Amílcar estaba de tal modo herido de admiración por mí que no osó decir palabra. Se repartió en todos los bolsillos los 1296 francos y, como un perro fiel, como una mujer enamorada, se acercó a mí.


Ya en la calle, no dijo una sola palabra.


El día siguiente no pensé más en aquello y me ocupé, con toda devoción, en la vida y hechos de Ruggero Bonghi. Por la noche, Amílcar vino por mí a casa. No dijo nada.
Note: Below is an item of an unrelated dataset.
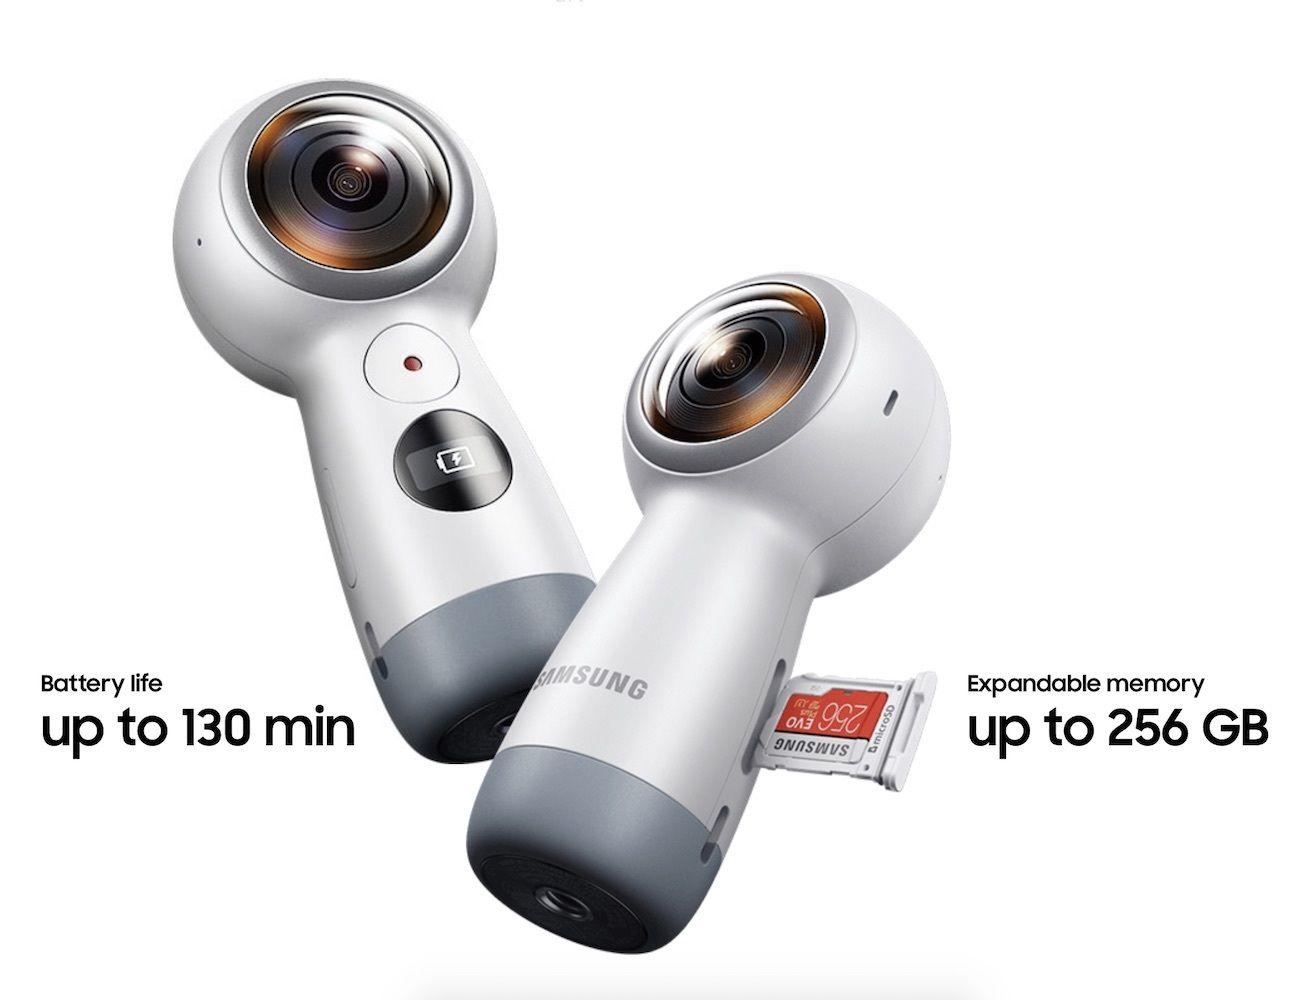 samsung gear 360 4k camera review the gadget flow. Black Bedroom Furniture Sets. Home Design Ideas

Solamente propuso, con mucha indiferencia:


—Vamos al Flamboyant (tal era el nombre de aquel garito africano).


Estando allí, arrellanado yo en mi poltrona, él, con gran moderación me dijo:


—¿Por qué no vienes un momento a mi lado? ¿No me dices los números?


—Apuesta al 5.


Salió el 5.


—¿Y ahora?


—Apuesta al 18.


Salió el 18.


—¿Y ahora?


Él no se hallaba sorprendido. Los demás jugadores sí, y me miraban con ojos llenos de miedo. Me sentí horriblemente turbado. Dije impaciente:


—No sé, haz lo que te parezca.


Le volví la espalda y fui a refugiarme en mi poltrona, que era grande y de cuero.


Pero él estaba ya delante de mí, inmóvil:


—¿Quieres decir que debo suspender, por un rato, el juego?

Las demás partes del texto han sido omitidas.